There is another method to get the name other than pad walking or name passing. I used this method in the 11 year old
CGI::Ex::Dump module (looks like the POD for that module is rather lackluster - guess I should update it after 11 years). We've used a variant of this for some time.
Whenever we debug we also like to see the line location - once we have parsed for the line location it is trivial to open the code and look for that line and do a very barebones parse. Apologist notes: This may not be academically correct, but we don't care - we're debugging. The output will also not be right if the source file changes, or the debug line is too complex - but again I don't care about a perfect solution - I want a fast good enough solution. Maybe someday we'll update it to a padwalker, but it is really rather trivial as it is. Here is a sample:
$ cat sample.pl
use strict;
use CGI::Ex::Dump qw(debug);
my $a = 123;
my @b = qw(1..10);
my $obj = bless {}, __PACKAGE__;
debug;
debug $a, \@b, $obj;
debug "Arbitrary String "x2;
debug {"a".."f"};
$ perl sample.pl
debug: sample.pl line 6
debug: sample.pl line 7
$a = 123;
\@b = [
"1..10"
];
$obj = bless( {}, 'main' );
debug: sample.pl line 8
String = "Arbitrary String Arbitrary String ";
debug: sample.pl line 9
{"a".."f"} = {
a => "b",
c => "d",
e => "f"
};
The actual dumping is done by Data::Dumper, so setting all Data::Dumper options will control the output.
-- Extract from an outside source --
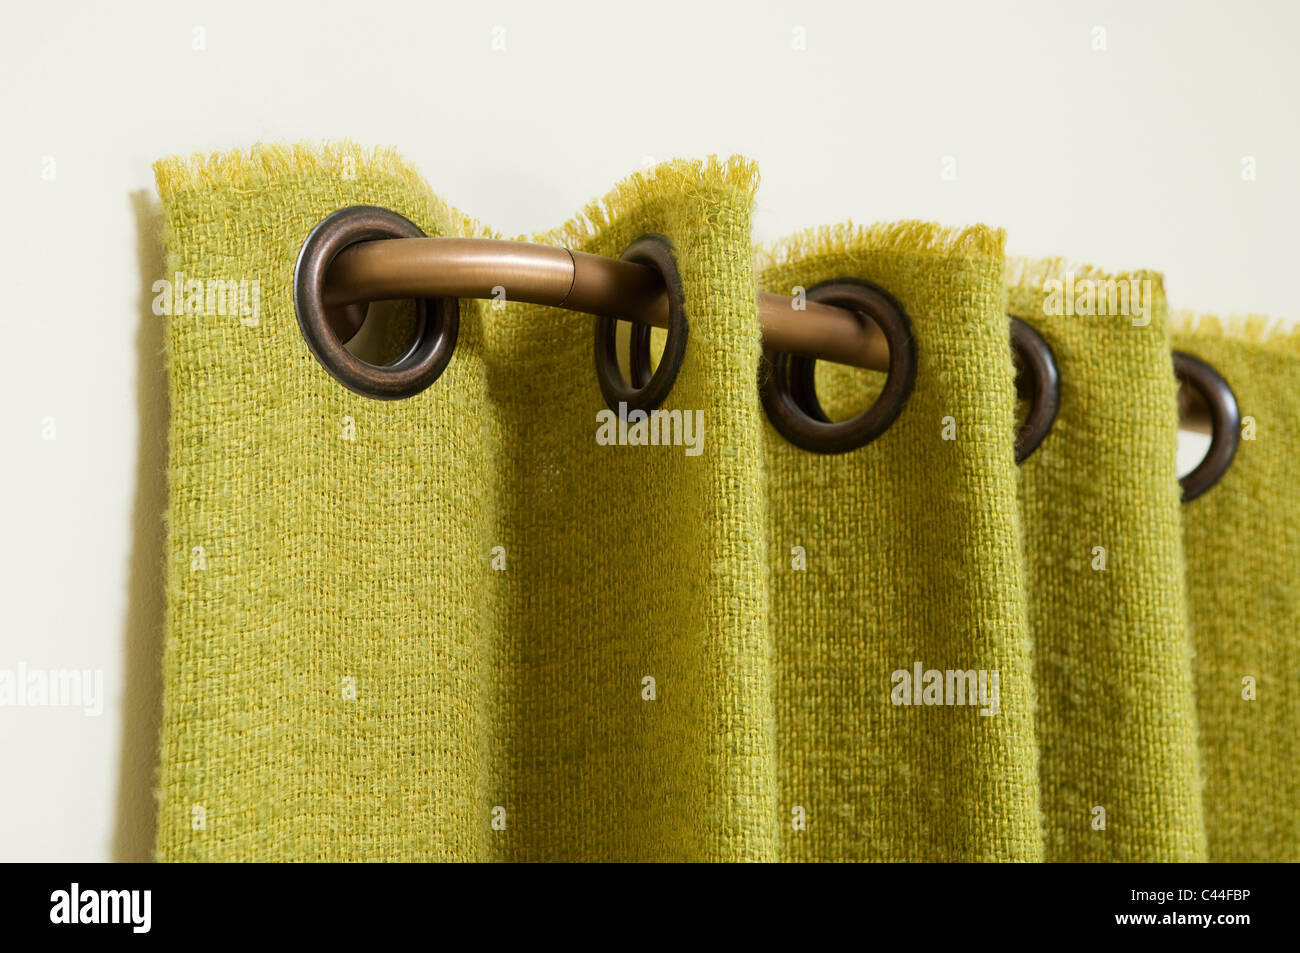 Détail d'un rideau vert avec oeillets, accroché à un rideau en laiton Banque D'Images

It should be easy enough to replace the output with Data::Dump, or Data::Dumper::Simple, or even JSON or YAML, or any of the other 100 ways to dump out data. We used Data::Dumper because 11 years ago it was what there was.
Internally we use a variation of this codebase called simply "Debug". By default debug goes to STDOUT, but we have variants called debug_warn that goes to STDERR and a debug_dlog variant that will go directly to our perl based system logger.